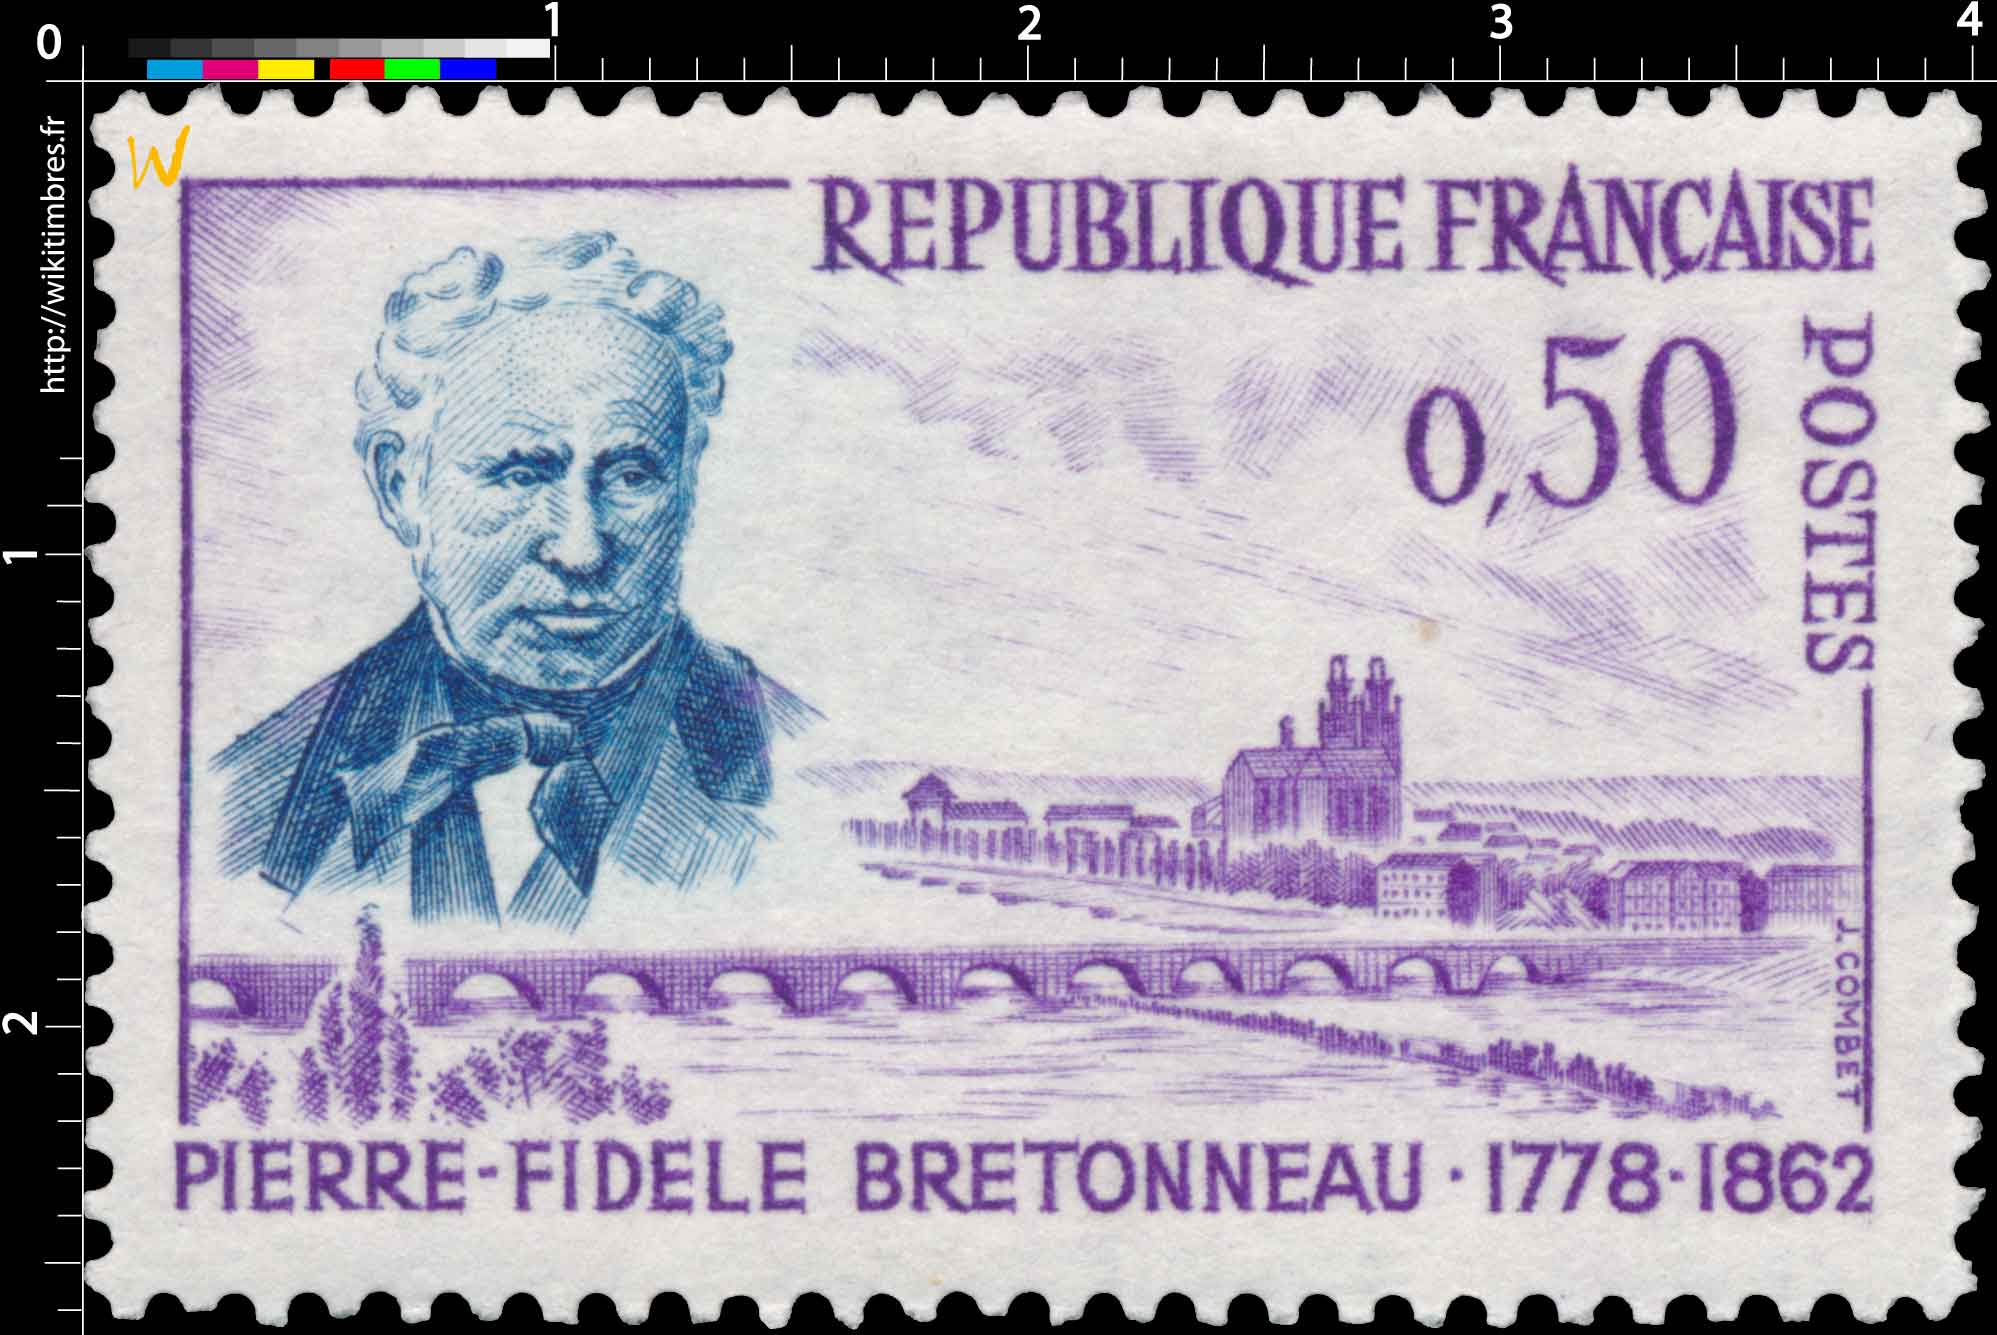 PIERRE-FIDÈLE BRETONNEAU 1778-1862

*****

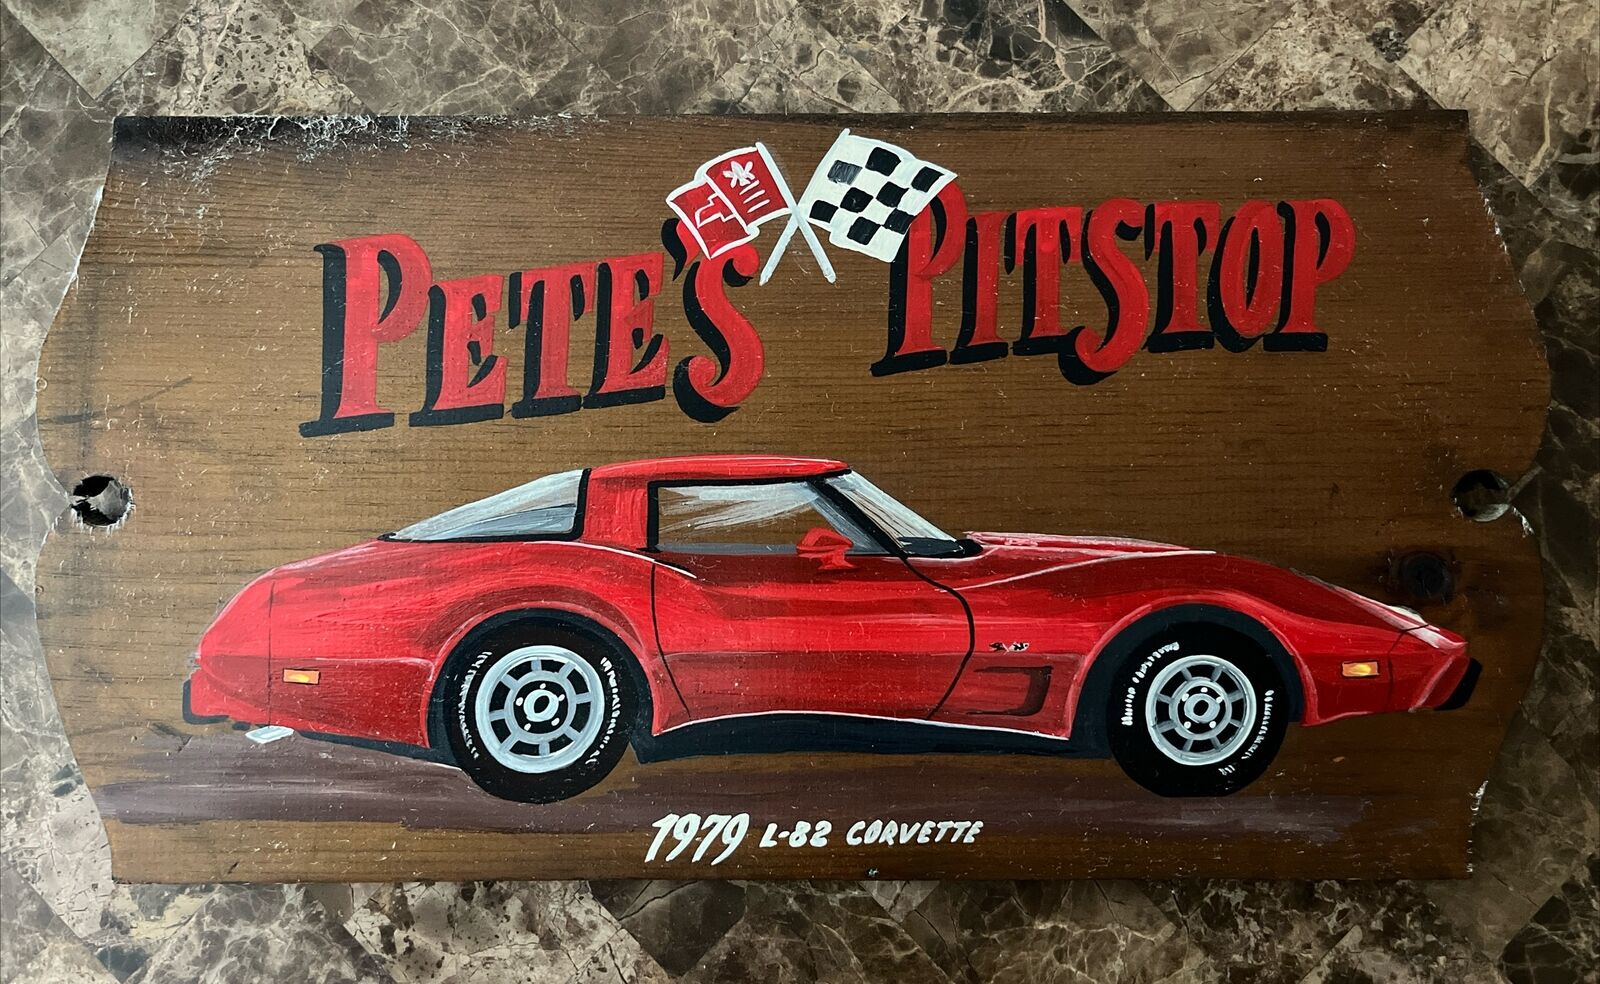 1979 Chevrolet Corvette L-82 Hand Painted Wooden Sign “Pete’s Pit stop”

*****

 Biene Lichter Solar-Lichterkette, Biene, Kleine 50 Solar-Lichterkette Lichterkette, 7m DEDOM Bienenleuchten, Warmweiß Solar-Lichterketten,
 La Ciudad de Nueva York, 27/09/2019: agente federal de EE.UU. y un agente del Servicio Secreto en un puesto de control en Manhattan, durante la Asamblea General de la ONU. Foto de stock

*****

§ Your assignment:
Return a word-for-word copy of the lines above from the one holding "Biene Lichter Solar-Lichterkette, Biene, Kleine" through the one holding "La Ciudad de", with both of them included and nothing besides.

§ Answer space:
 Biene Lichter Solar-Lichterkette, Biene, Kleine 50 Solar-Lichterkette Lichterkette, 7m DEDOM Bienenleuchten, Warmweiß Solar-Lichterketten,
 La Ciudad de Nueva York, 27/09/2019: agente federal de EE.UU. y un agente del Servicio Secreto en un puesto de control en Manhattan, durante la Asamblea General de la ONU. Foto de stock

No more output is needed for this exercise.